The next section of the article focuses on how the EOCs focus efforts on top-priority challenges. For example, health camps were set up across Kano to provide not only vaccination against polio but also other health services and medicines. In an analysis of the impact of these health camps, the national and Kano State EOCs found a need to emphasise communication with traditional emirs and chiefs, religious leaders, and supporting organisations (such as the local Rotary polio survivors group) to reduce the level of noncompliance. In June and August 2014, inactivated polio vaccine (IPV) campaigns based in health camps covered areas of Borno and Yobe, places that were difficult to access through traditional house-to-house campaigns because of the insurgency affecting parts of northern Nigeria. The insurgency displaced millions of families and disrupted the healthcare networks, which were already weak, required for effective vaccination programmes, in addition to the direct threats against and murder of vaccinators. The national EOC, working with colleagues in the field, intervened to address these security challenges and to plan next steps for covering other challenging areas in Borno and Yobe.

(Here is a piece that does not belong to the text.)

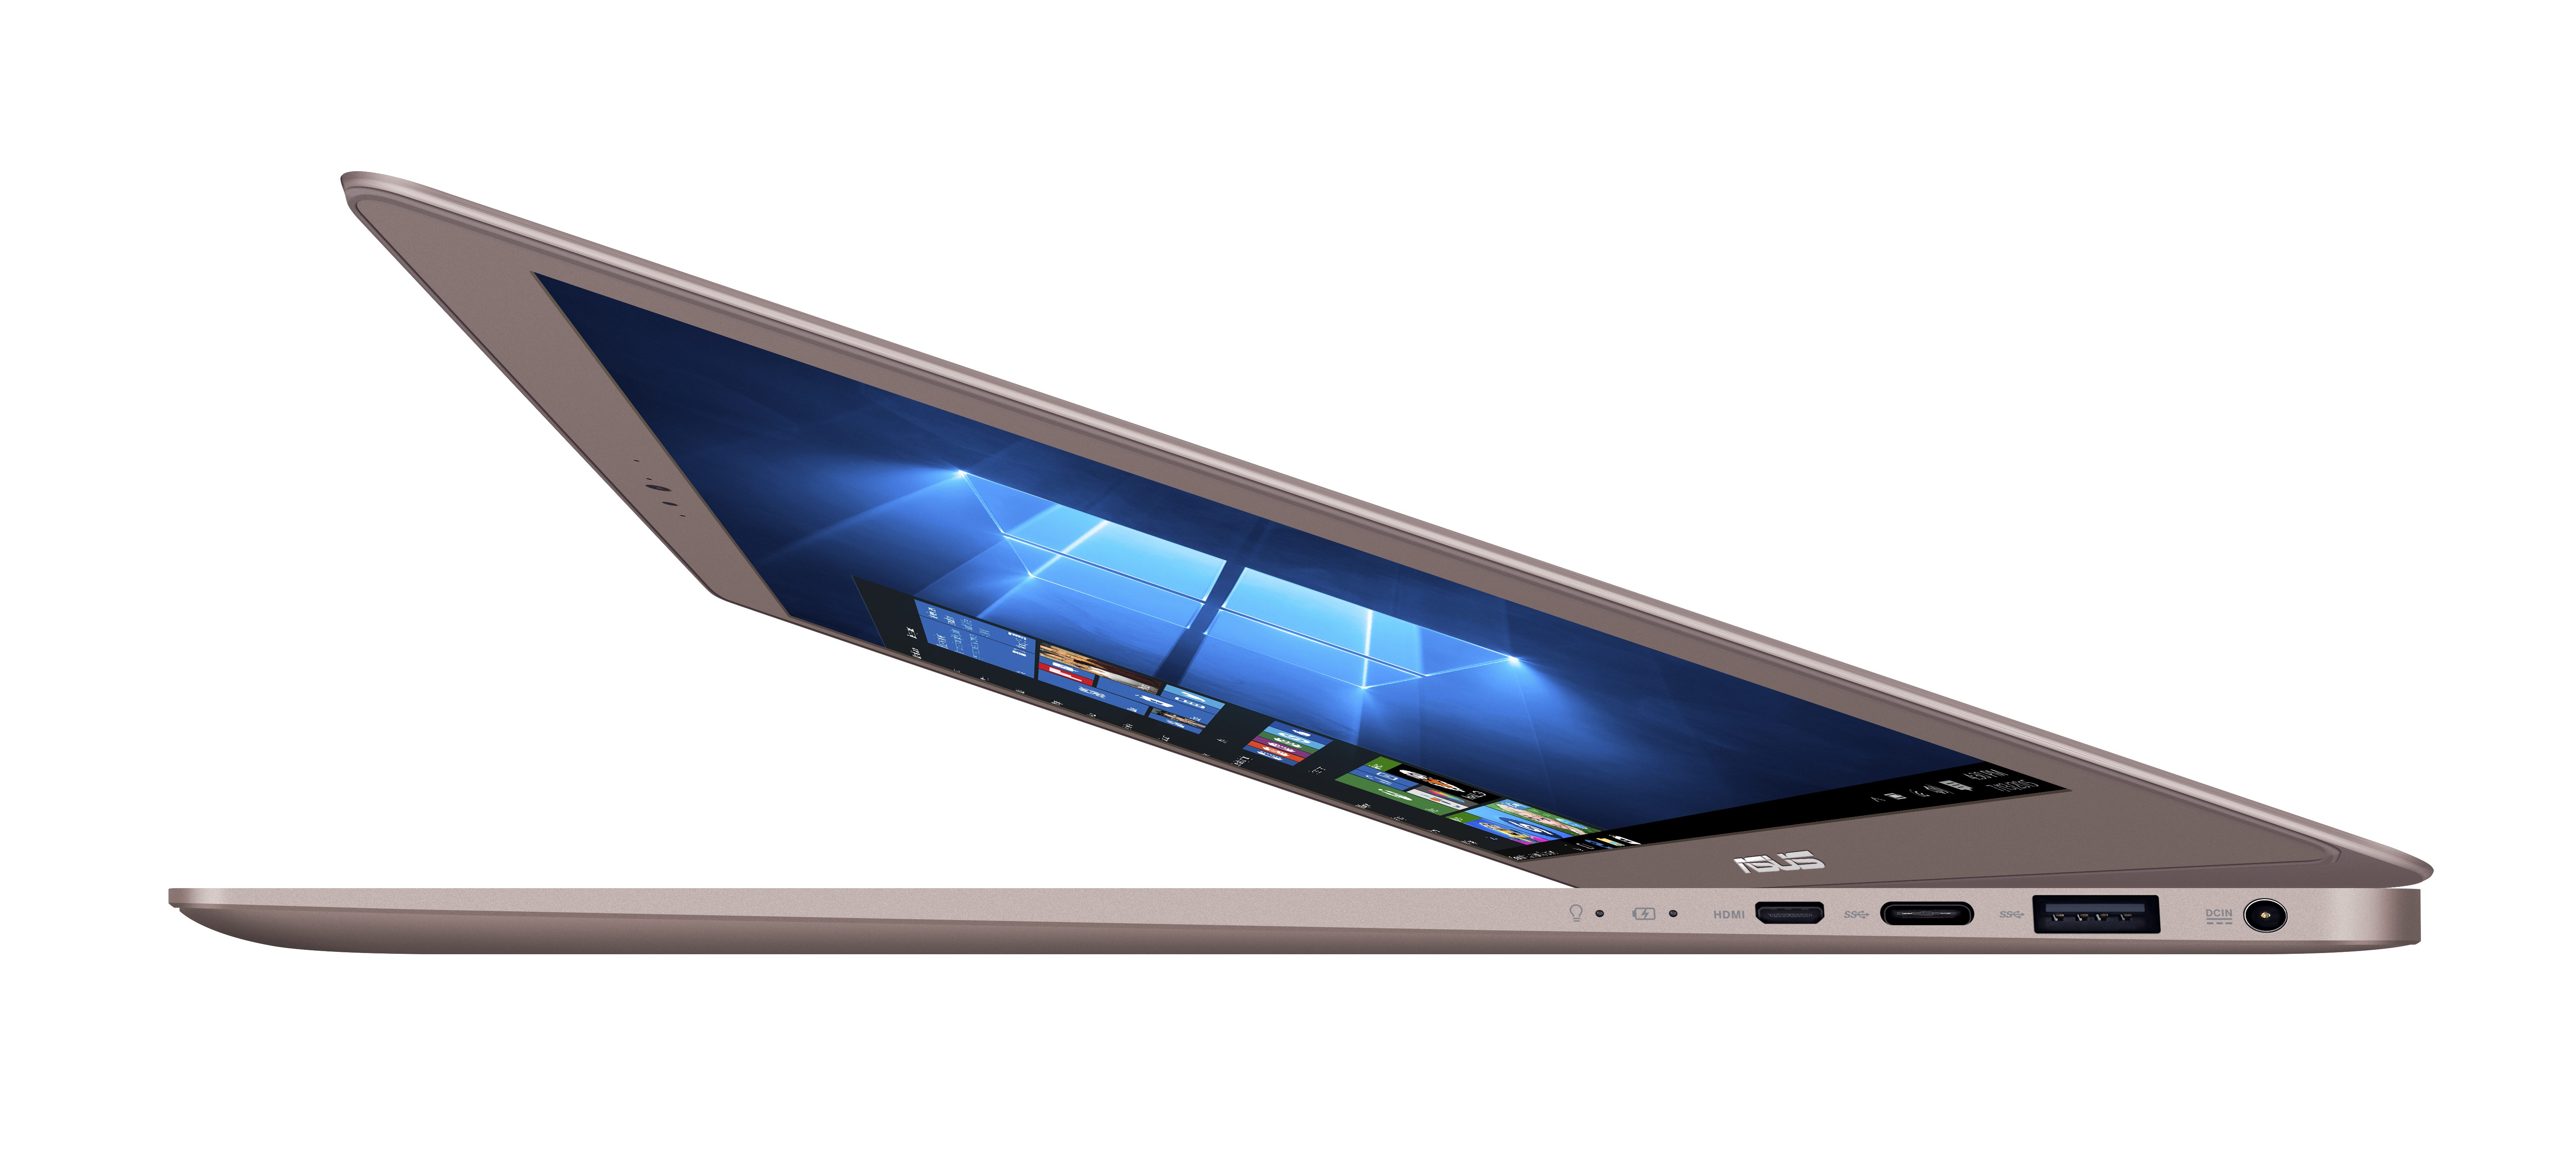 ASUS unveils ZenBook UX330, one of the slimmest and lightest 13.3-inch clamshell notebooks in the world

Finally, Desmarais offers some ideas for applying the lessons learned from Nigeria's EOCs' efforts to combat polio. Noting the importance of collaboration on the part of the Ministry of Health, state and local health agencies in the north, and all international partners, as well as an emergency posture with strong leadership and improved data collection from the field (with satellite imagery to identify communities being missed), Desmarais suggests that developing countries can consider applying these lessons to respond more effectively to other health challenges. For example, Nigeria's Ebola EOC ran on the polio EOC principles, particularly bringing together international organisations under the strong leadership of the national government to improve coordination and accountability, focusing on evolving high-priority initiatives, and using data-driven analysis. The EOC also worked hard to educate Nigerians about the disease, collaborating with local mobile phone operators and banks to send millions of text messages, along with frequent updates and other information on radio and television. Nigeria met the World Health Organization (WHO) requirement of no new Ebola cases over a 42-day period in 3 months and was declared free of Ebola transmission on October 20 2014. The WHO praised the Nigerian government's leadership and outstanding coordination, specifically mentioning the Ebola EOC. "In fact, a number of countries at risk for Ebola have deployed EOCs, and their earlier use in the affected countries would likely have improved the response."
McKinsey & Company website, February 8 2016.